Ji Guoli, Wu Xiaohui, Shen Yingjia, Huang Jiangyin, Quinn Li Qingshun
Department of Automation, Xiamen University, Xiamen 361000, China.
J Theor Biol. 2010 Aug 7;265(3):287-96. doi: 10.1016/j.jtbi.2010.05.015. Epub 2010 May 26.
Messenger RNA polyadenylation is one of the essential processing steps during eukaryotic gene expression. The site of polyadenylation [(poly(A) site] marks the end of a transcript, which is also the end of a gene. A computation program that is able to recognize poly(A) sites would not only prove useful for genome annotation in finding genes ends, but also for predicting alternative poly(A) sites. Features that define the poly(A) sites can now be extracted from the poly(A) site datasets to build such predictive models. Using methods, including K-gram pattern, Z-curve, position-specific scoring matrix and first-order inhomogeneous Markov sub-model, numerous features were generated and placed in an original feature space. To select the most useful features, attribute selection algorithms, such as information gain and entropy, were employed. A training model was then built based on the Bayesian network to determine a subset of the optimal features. Test models corresponding to the training models were built to predict poly(A) sites in Arabidopsis and rice. Thus, a prediction model, termed Poly(A) site classifier, or PAC, was constructed. The uniqueness of the model lies in its structure in that each sub-model can be replaced or expanded, while feature generation, selection and classification are all independent processes. Its modular design makes it easily adaptable to different species or datasets. The algorithm's high specificity and sensitivity were demonstrated by testing several datasets and, at the best combinations, they both reached 95%. The software package may be used for genome annotation and optimizing transgene structure.

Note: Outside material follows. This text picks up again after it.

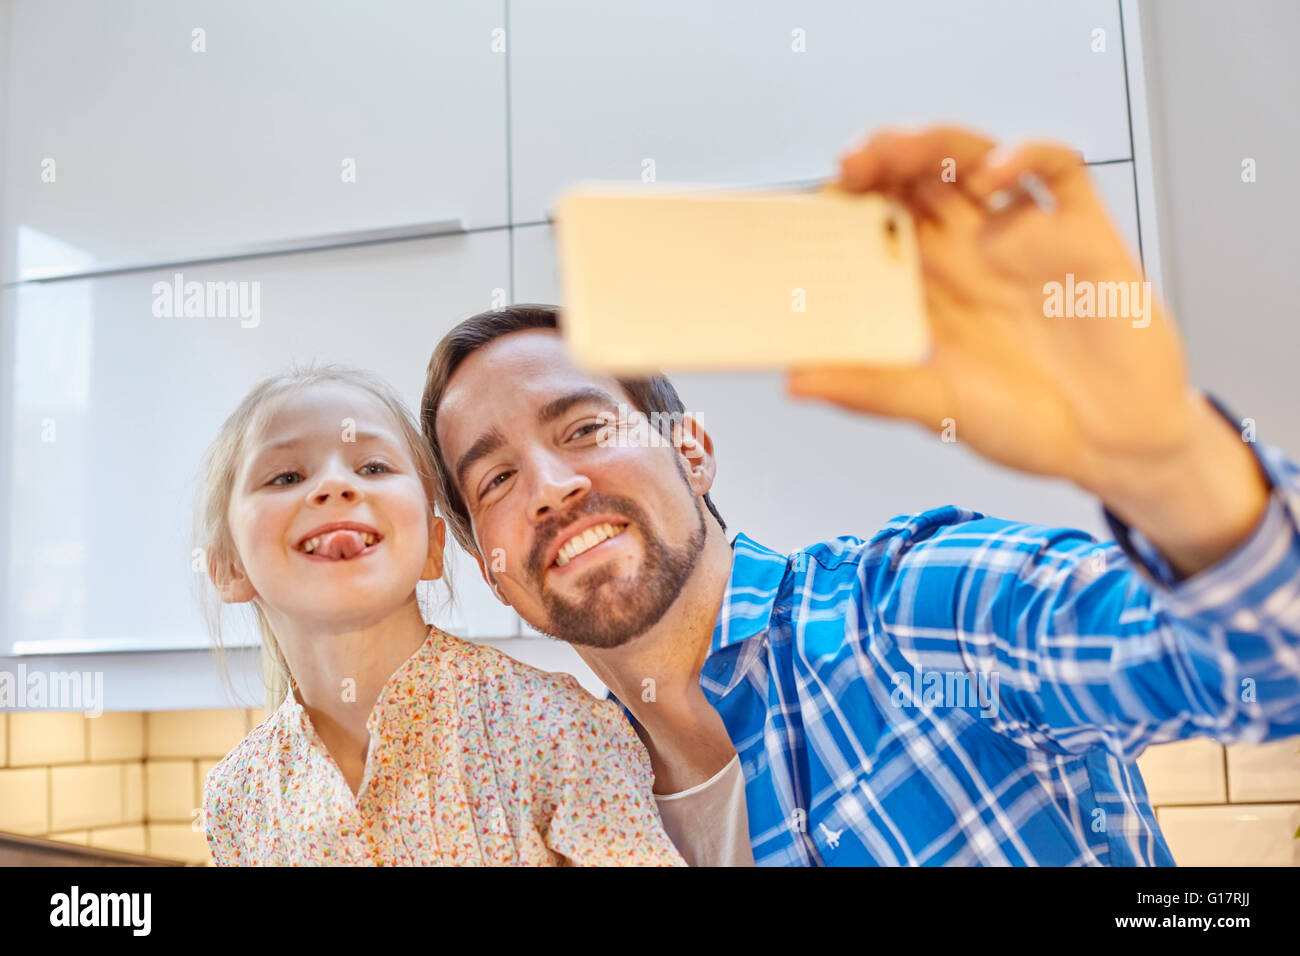 Father and daughter taking selfie in kitchen Stock Photo

信使核糖核酸(mRNA)聚腺苷酸化是真核基因表达过程中必不可少的加工步骤之一。聚腺苷酸化位点[poly(A)位点]标志着转录本的末端,也就是基因的末端。一个能够识别poly(A)位点的计算程序不仅在寻找基因末端的基因组注释中有用,而且在预测可变poly(A)位点方面也很有用。现在可以从poly(A)位点数据集中提取定义poly(A)位点的特征,以构建这样的预测模型。使用包括K-gram模式、Z曲线、位置特异性评分矩阵和一阶非齐次马尔可夫子模型在内的方法,生成了大量特征并将其置于原始特征空间中。为了选择最有用的特征,采用了信息增益和熵等属性选择算法。然后基于贝叶斯网络构建训练模型,以确定最优特征的一个子集。构建了与训练模型相对应的测试模型,以预测拟南芥和水稻中的poly(A)位点。因此,构建了一个称为Poly(A)位点分类器(PAC)的预测模型。该模型的独特之处在于其结构,即每个子模型都可以被替换或扩展,而特征生成、选择和分类都是独立的过程。其模块化设计使其很容易适应不同的物种或数据集。通过对几个数据集进行测试,证明了该算法具有很高的特异性和敏感性,在最佳组合下,两者均达到95%。该软件包可用于基因组注释和优化转基因结构。